Hi , please bear with me, cuz the same problems still there, this time I added some videos, I hope you can see them :

It happens like this:






It happens often, no matter what grind size you start with, after grinding a small amount of coffee, then adjusting to finer, you will hear the chirps all way down to finest "1". However, if you carry on turning the size down, then turn back and forth, to where it has already gone through, there is no chirps, and the chirps back again at exactly where it hasn't been. Switch grinder off and then on, the chirps still. Until it reaches "1" ( will be stay chirping at "1"), or until you grinding another amount.
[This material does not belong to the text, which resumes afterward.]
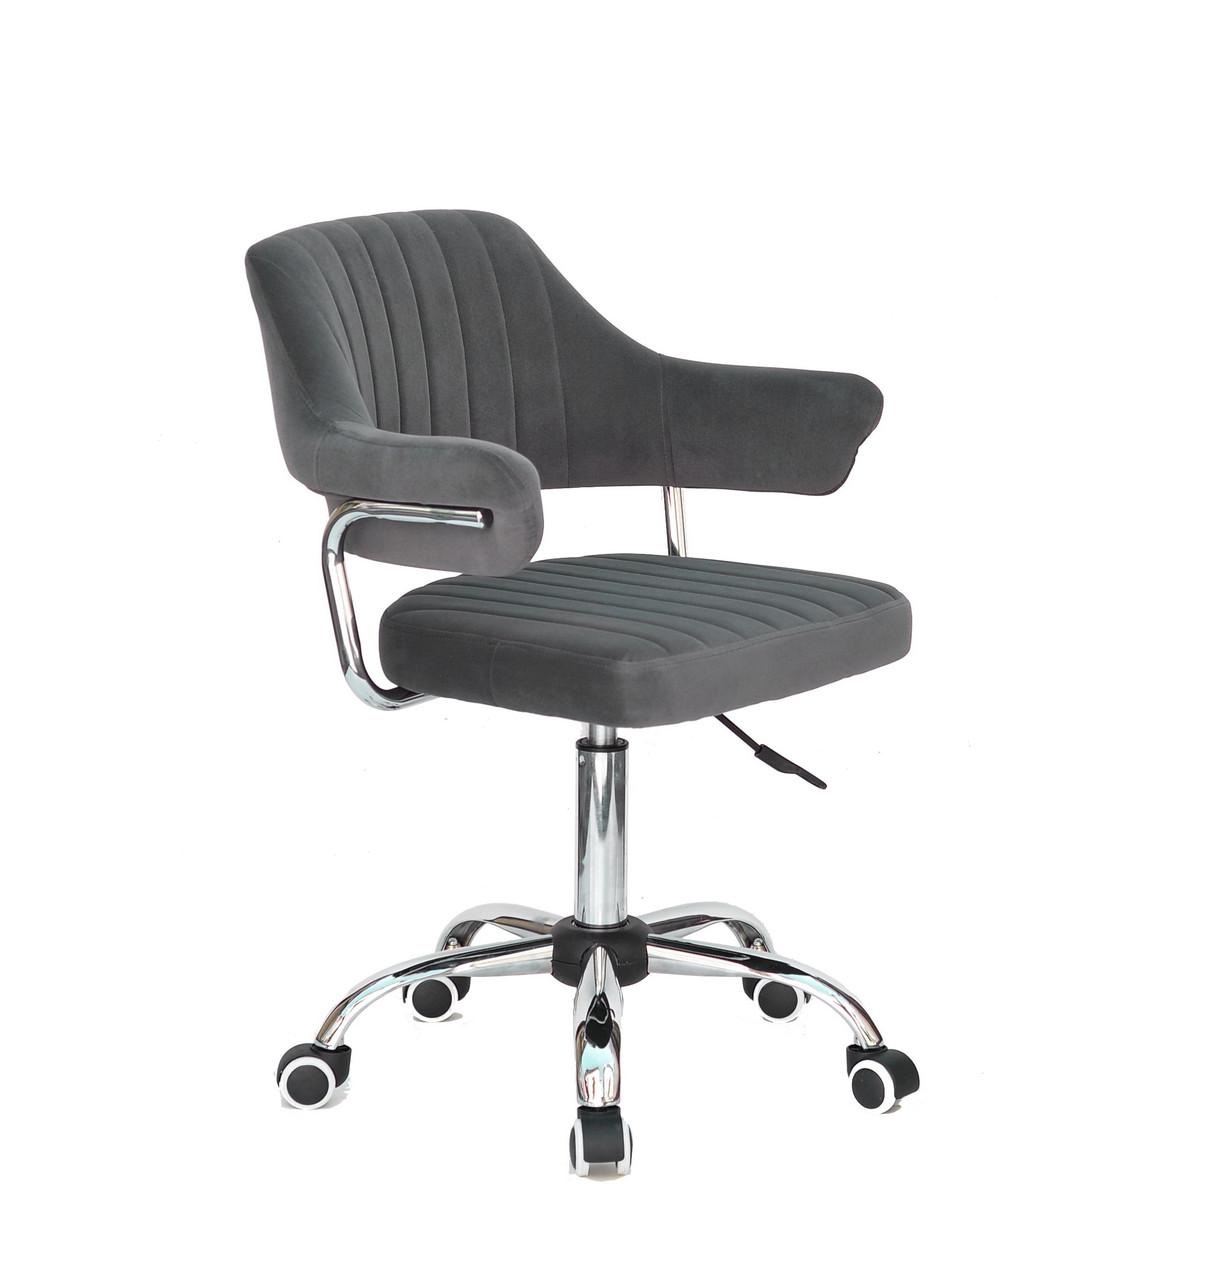 Кресло мастера Джеф JEFF CH - OFFICE серый бархат, на колесах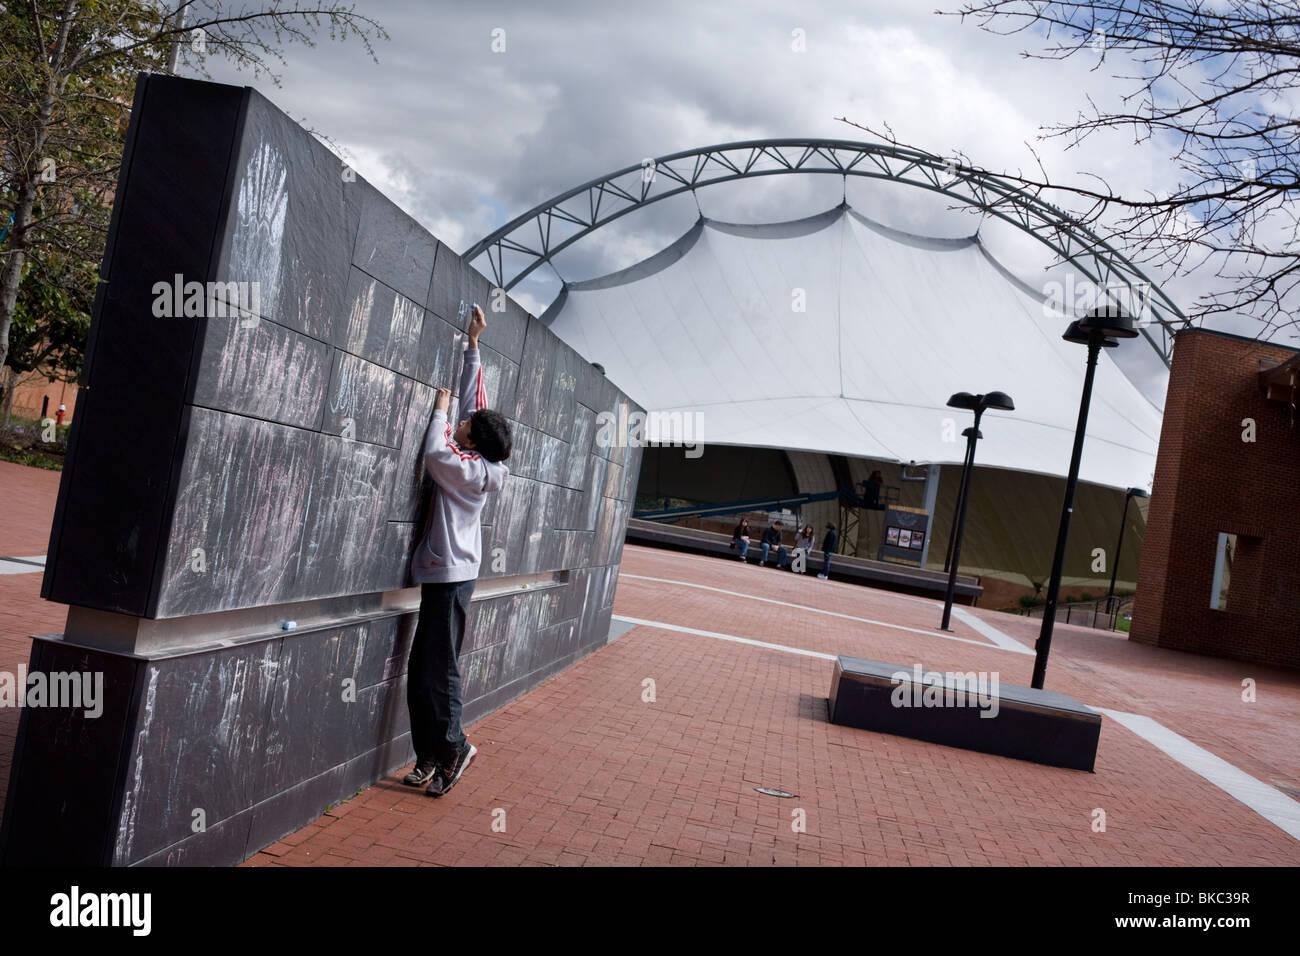 Junge stützt sich auf Community-Tafel und Podium, Downtown Mall, Pavillon hinter, Charlottesville, Virginia Stockbild

Does anyone have an idea why it happens? Is it anything to do with the remaining grounds in the burrs? Or is it from any loosening screws?


----------



## jeebsy (May 5, 2013)

Think it's from bits of coffee stuck in the grinder, mine has always done that, so have others i've used


----------



## the_partisan (Feb 29, 2016)

It's hard to tell in the last video if the burrs are touching or if it's just vibration sounds due to stuck grounds. Does it continue to get louder if you move the dial finer? It should make a sound like this if the burrs are actually touching: 



 Don't worry, you won't damage them.


----------



## yuktsi (Jul 7, 2019)

Hi, did you ever figure out the issue? I am having the exact same issue as my EK43s.


----------



## DavecUK (Aug 6, 2013)

It sounds like there is some backlash/inconsistency in the adjustment. I did take an EK43 to bits a while ago, just to see what they were like inside....


----------



## Terranova (Feb 15, 2014)

yuktsi said:


> Hi, did you ever figure out the issue? I am having the exact same issue as my EK43s.


 I am pretty sure that it is the shear plate touching the front plate.

Take out the shear plate and file it till it is level on both ends coming out.

There was a similar problem here: https://www.home-barista.com/grinders/new-mahlkonig-ek43s-chirping-not-holding-calibration-t56789-10.html


----------